We want to use them for high-level functions like:

  • create_processes (collects all the processes and wires them up to the state)
  • create_event_based_processes (collects events and listeners and wires them up)
  • run_simulation (collects all the model components, parameterises them and runs the model)

Why?

Large refactors. If we want to re-wire large parts of the code base, these tests are going to tell us which components are affected.

Low power. It's tricky to steer an integration test down a particular execution path. You have to set up the whole state to do it - without mocks!

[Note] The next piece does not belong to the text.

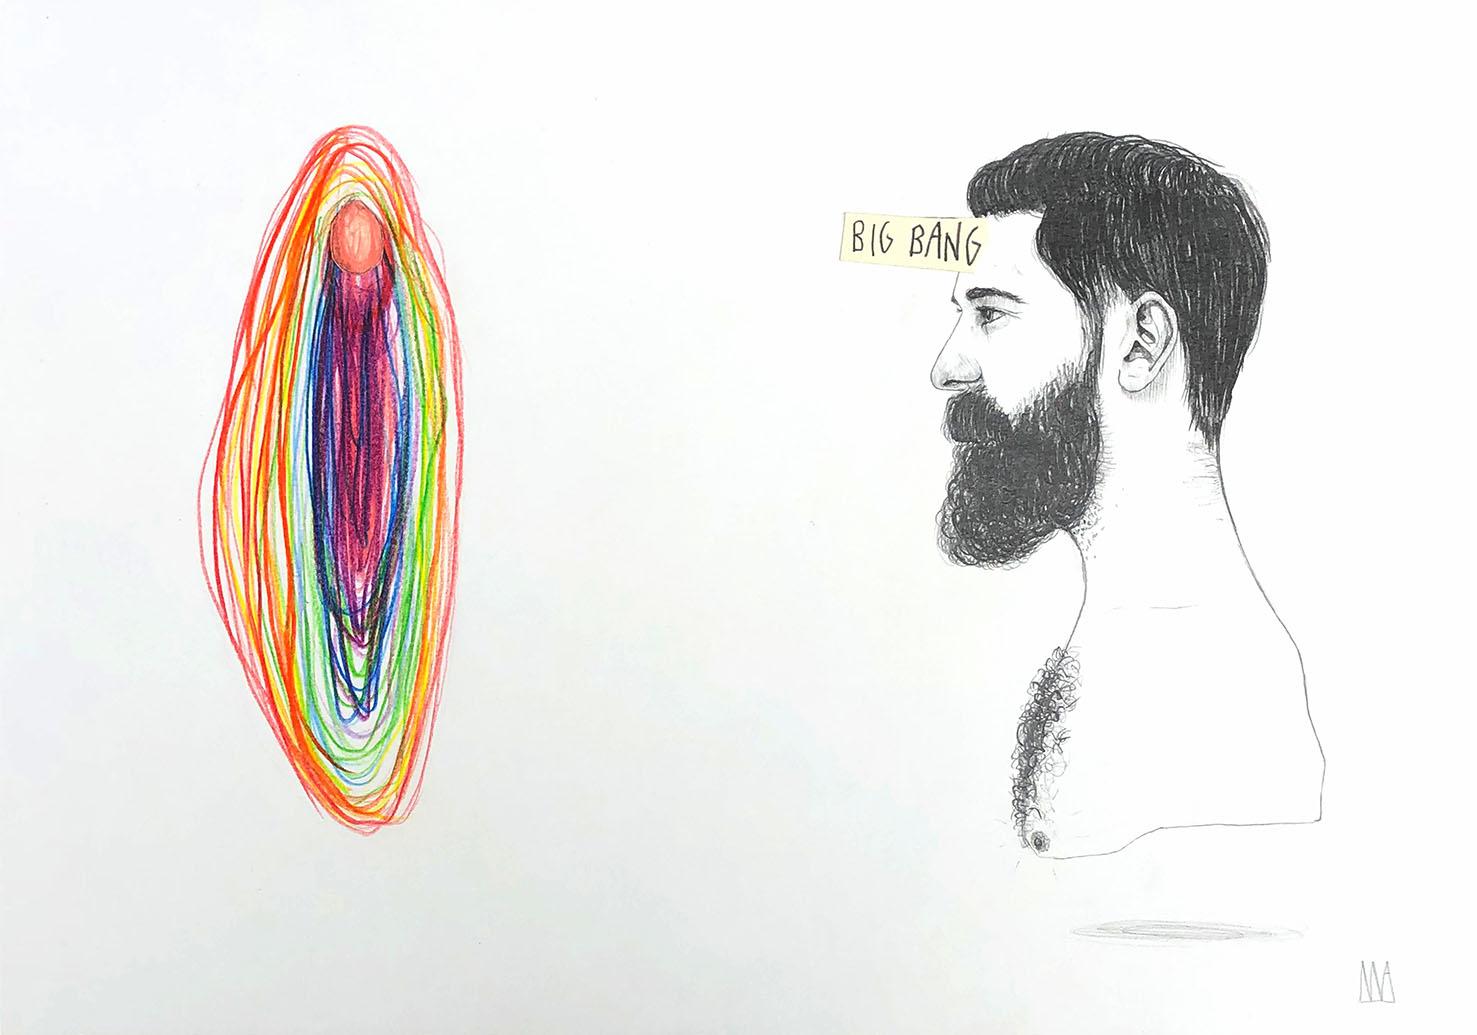 Mateo Andrea, BIG BANG, mixed media on paper, 29.7 x 42 cm, 2019

So we should only create them for simple, high-level integration functions. We should try to push logic down into smaller, unit-testable functions.

Example

Here's an example integration test for create_event_based_processes

test_that("create_event_based_processes assigns a listener to each event", {

  # Set up the whole simulation state
  pop <- get_population("ATG")
  pop$n <- as.integer(pop$n/100) # reduce population size for speed
  parameters <- get_parameters("ATG")
  events <- create_events()
  states <- create_states(parameters)
  variables <- create_variables(pop, parameters)
  human <- create_human(states, variables, events)

  # Integrate the events and the listeners
  create_event_based_processes(
    human,
    states,
    variables,
    events,
    parameters
  )

  # Check that all events have been assigned a listener
  for (event in events) {
    expect_gt(length(event$listeners), 0)
  }
})

As we introduce new testing strategies, we can document them here.